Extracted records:
════════════════════
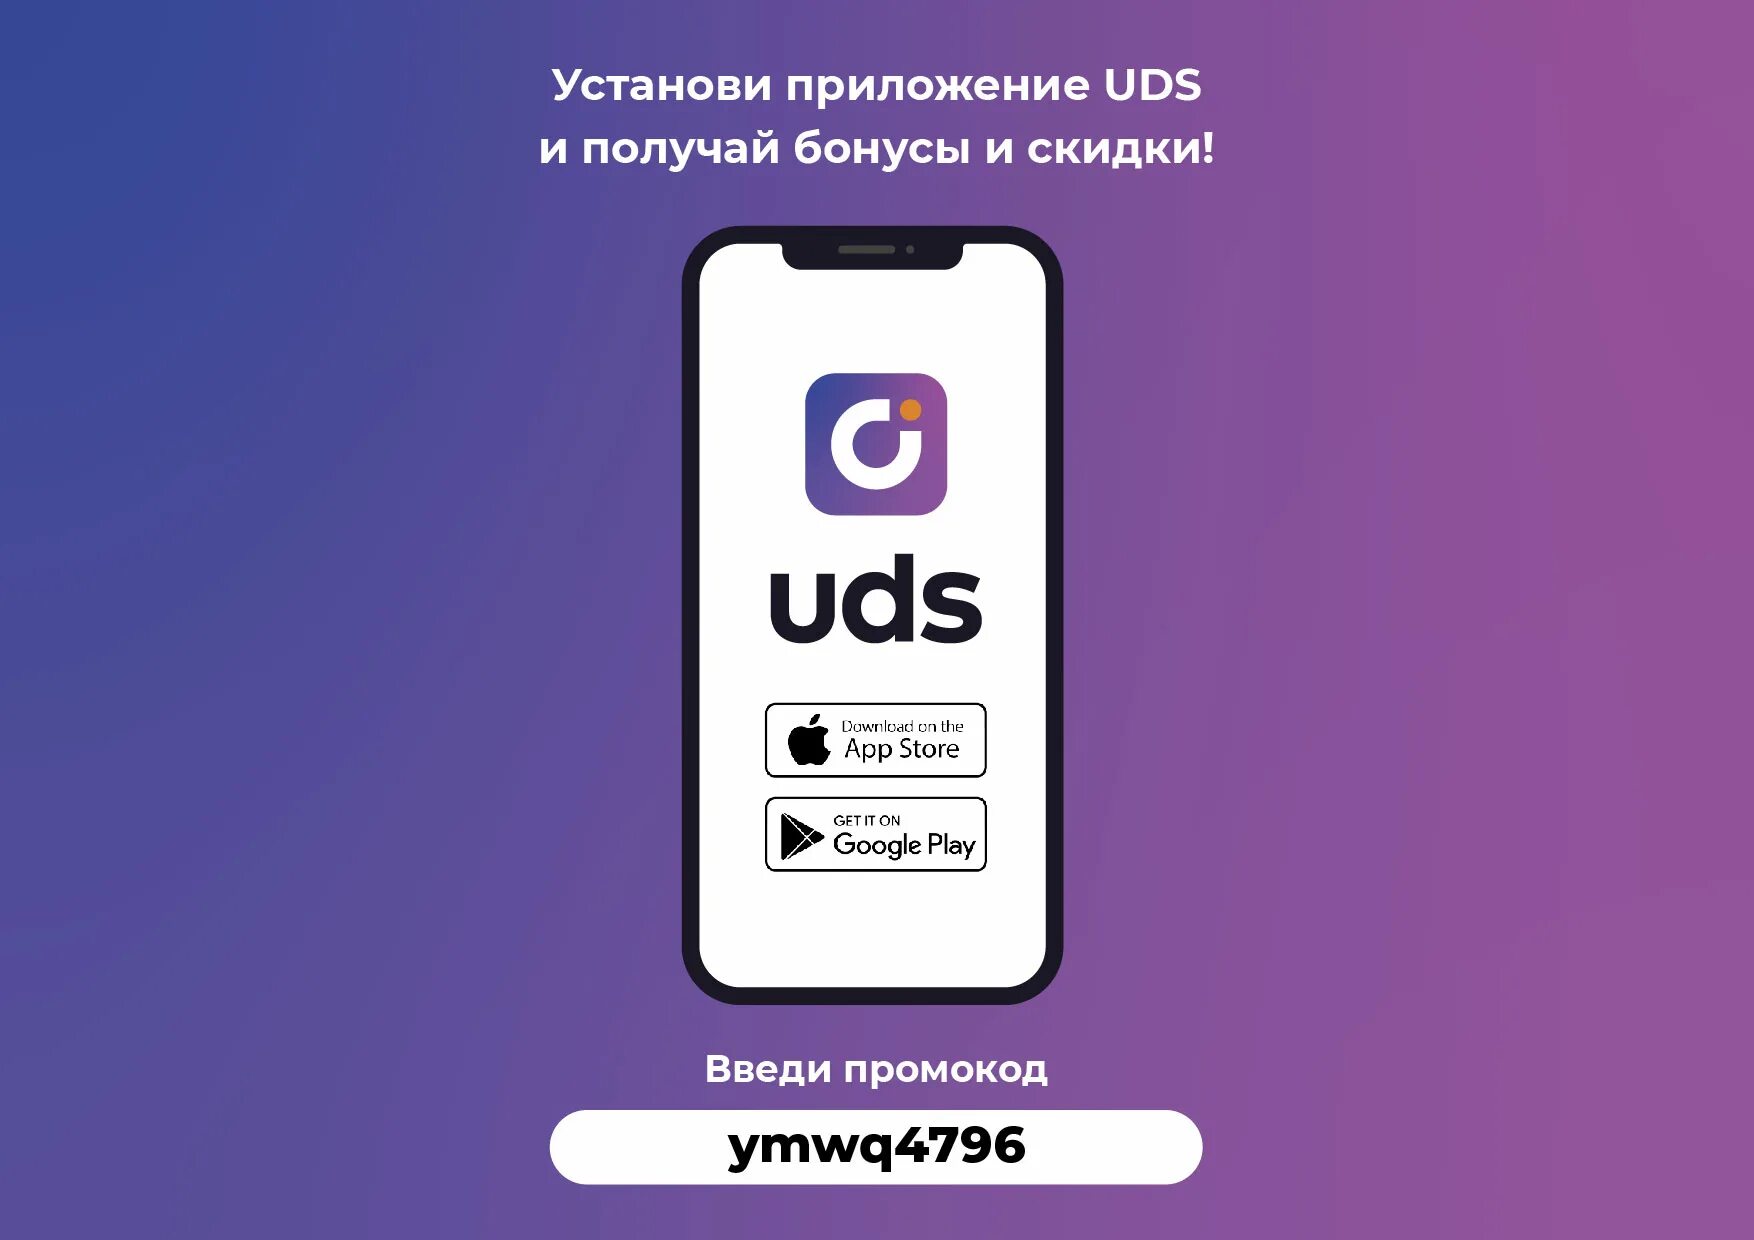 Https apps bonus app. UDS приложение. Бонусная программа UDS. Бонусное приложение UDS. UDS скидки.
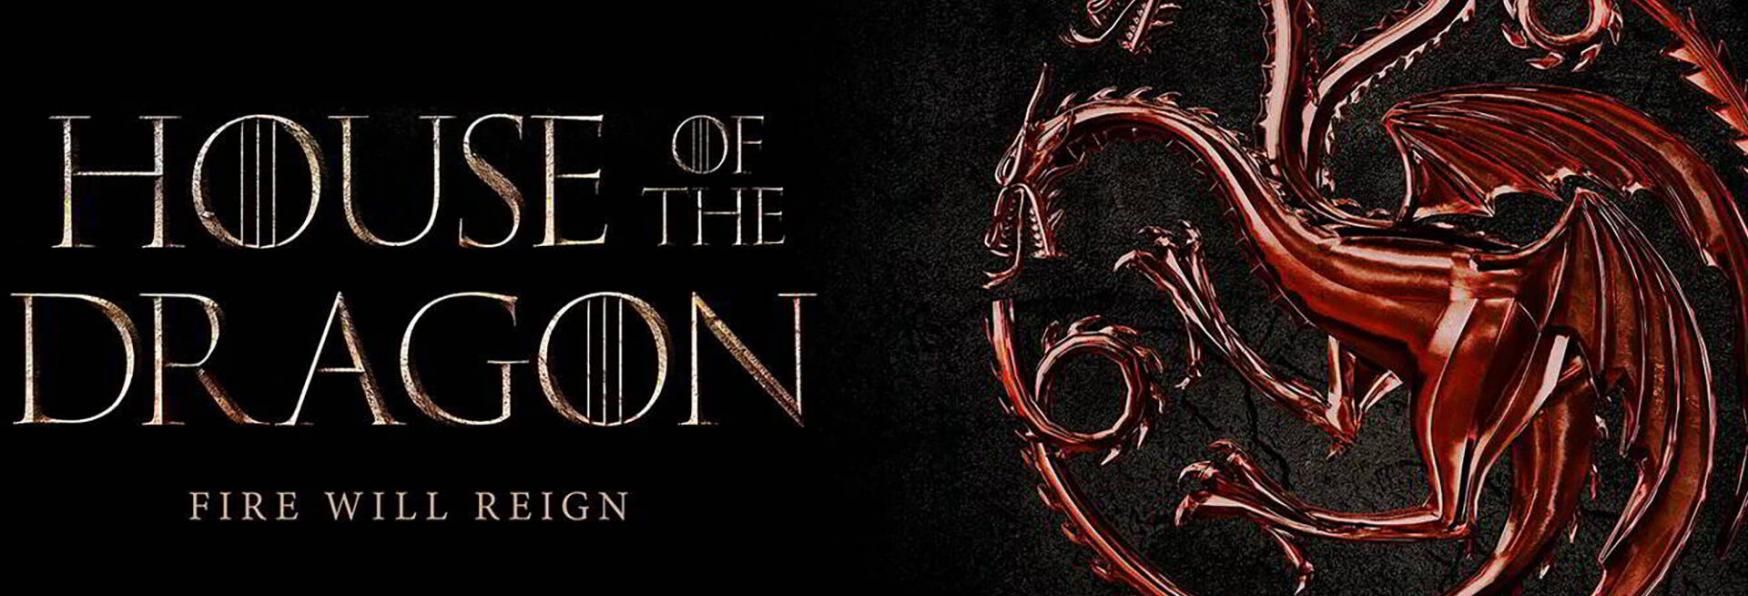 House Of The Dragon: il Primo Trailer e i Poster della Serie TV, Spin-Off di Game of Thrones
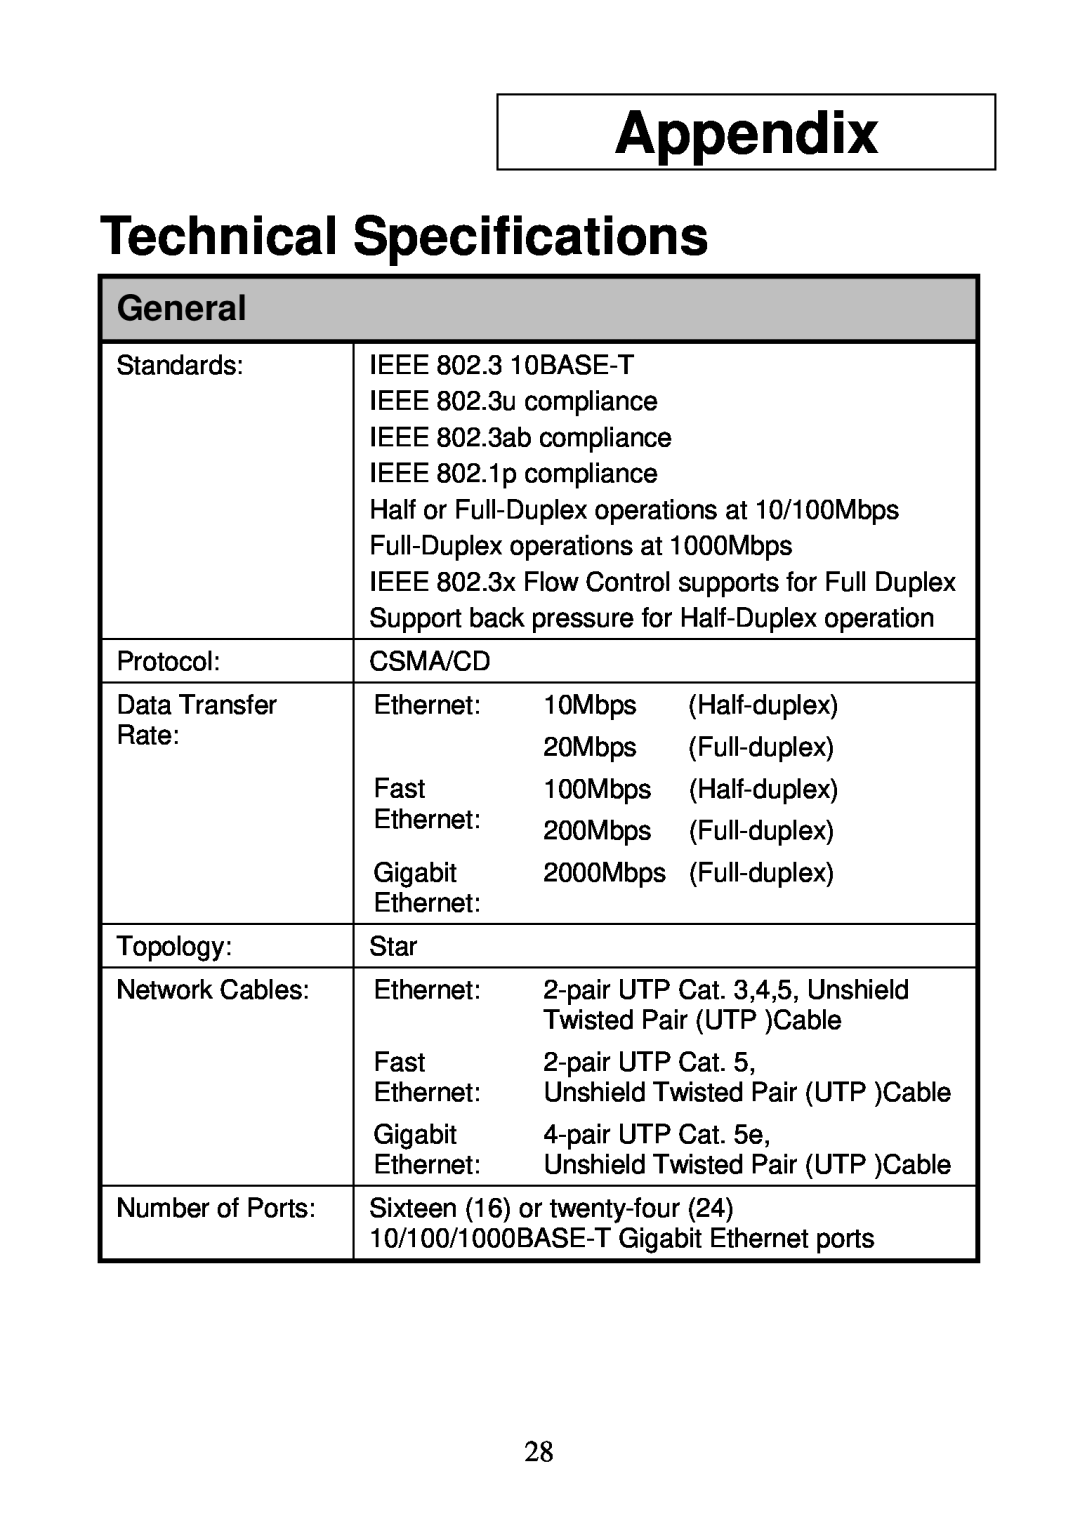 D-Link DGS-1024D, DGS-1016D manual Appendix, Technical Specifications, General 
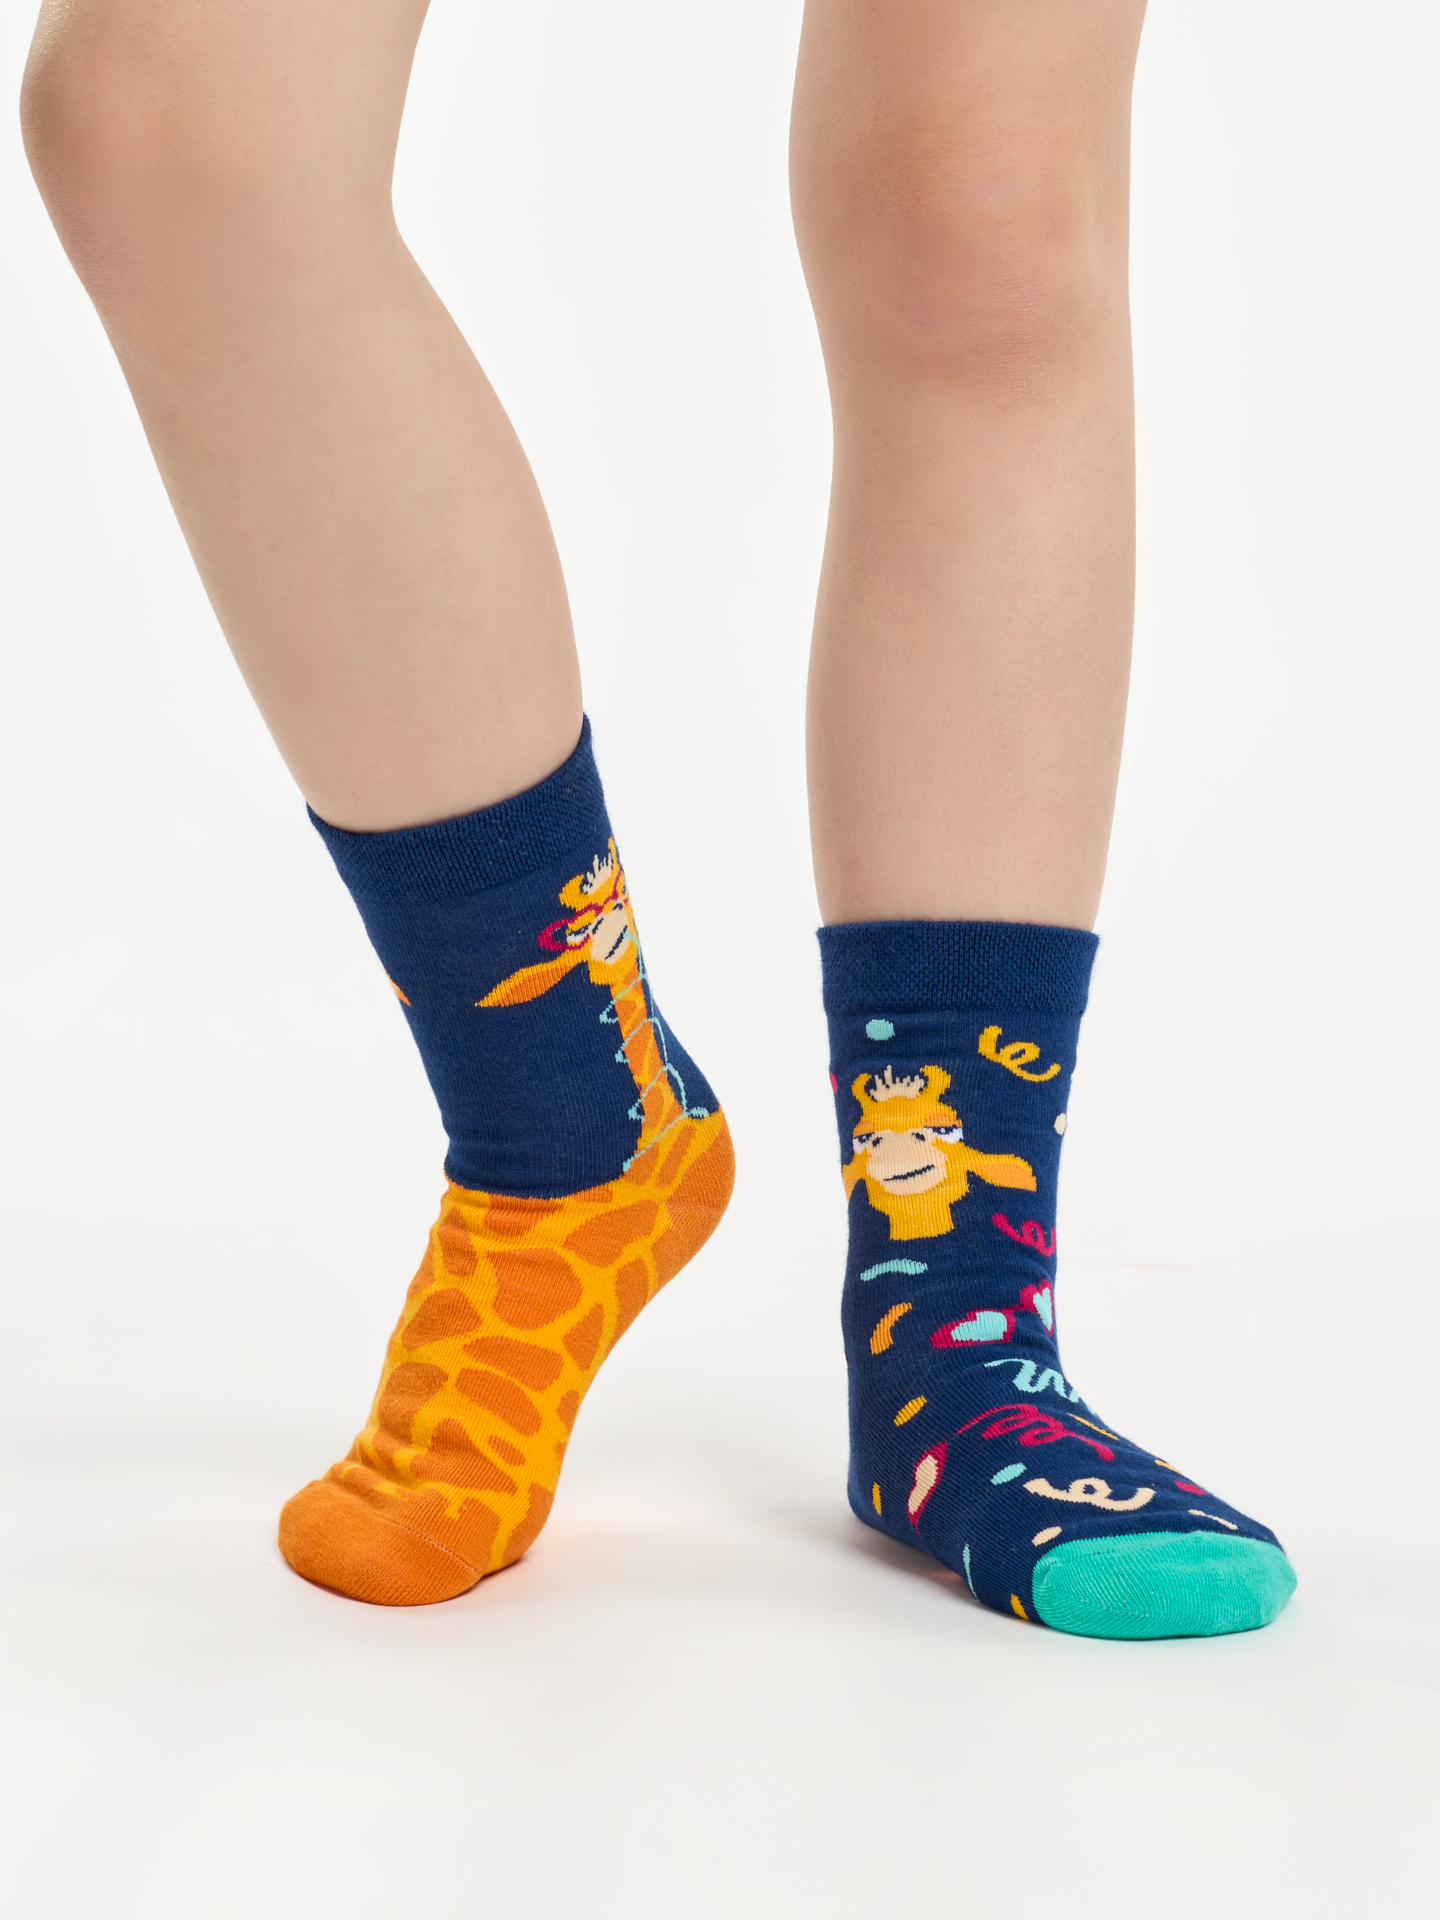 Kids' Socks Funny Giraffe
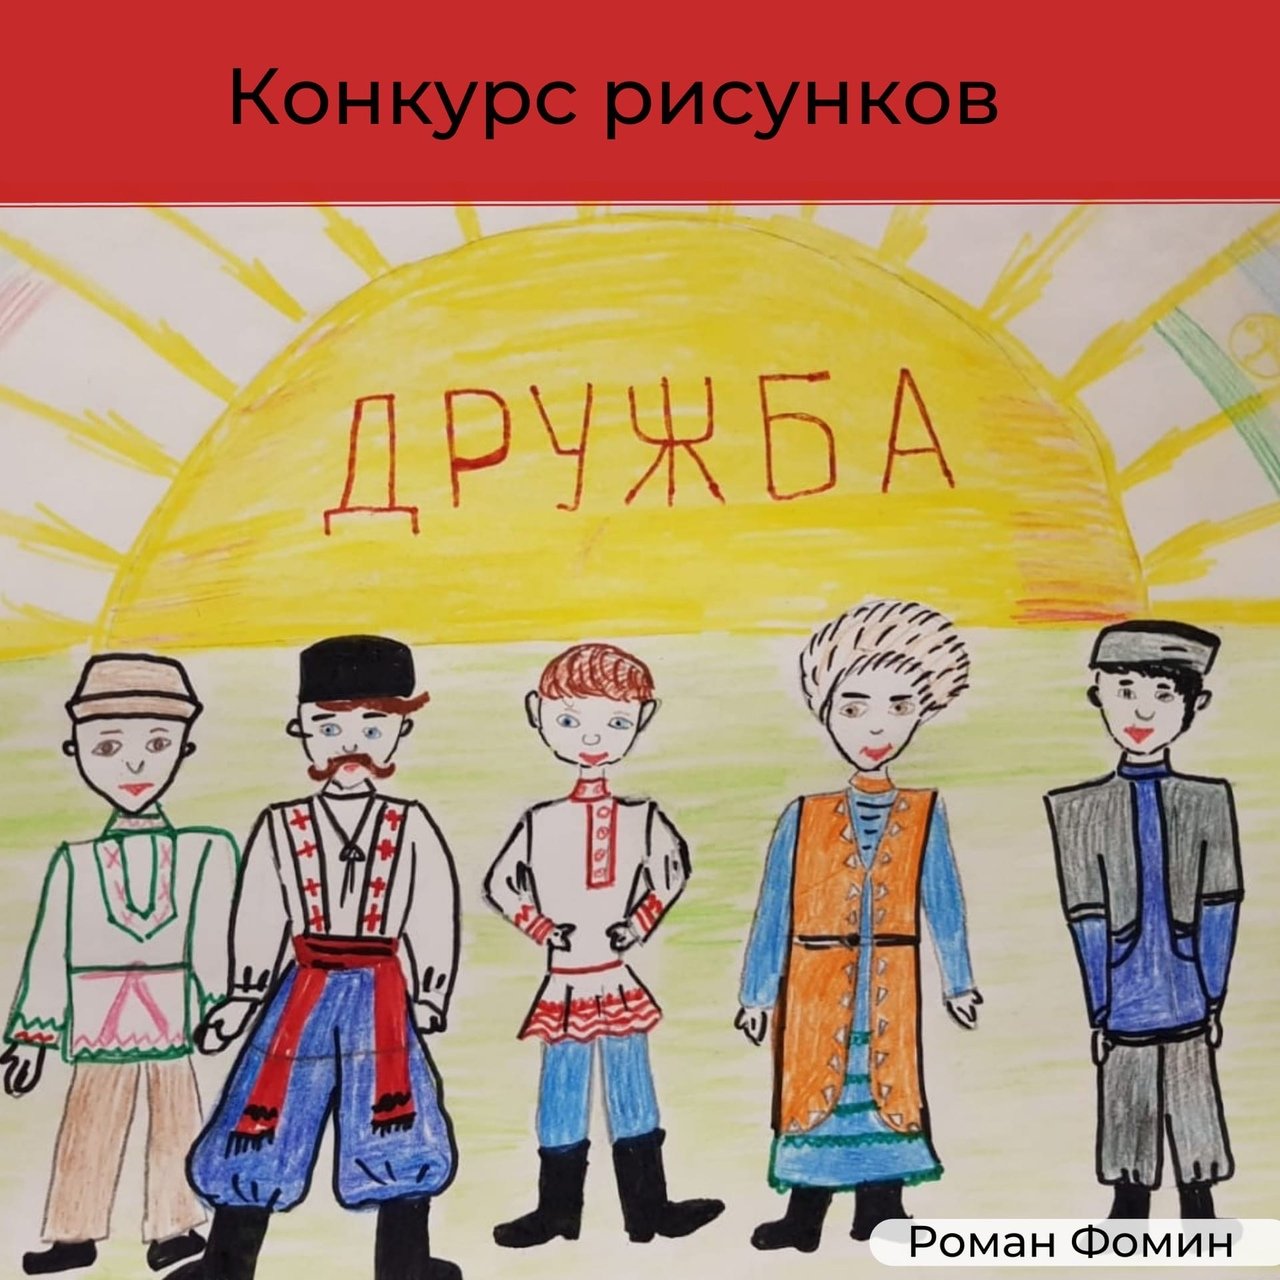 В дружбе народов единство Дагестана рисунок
════════════════════
** WORK TO COMPLETE **
Could you output all of the records exactly, without their pictures?

** EXERCISE RESPONSE **
 Https apps bonus app. UDS приложение. Бонусная программа UDS. Бонусное приложение UDS. UDS скидки.
 House Of The Dragon: il Primo Trailer e i Poster della Serie TV, Spin-Off di Game of Thrones
 D-Link DGS-1024D, DGS-1016D manual Appendix, Technical Specifications, General 
 Kids' Socks Funny Giraffe
 В дружбе народов единство Дагестана рисунок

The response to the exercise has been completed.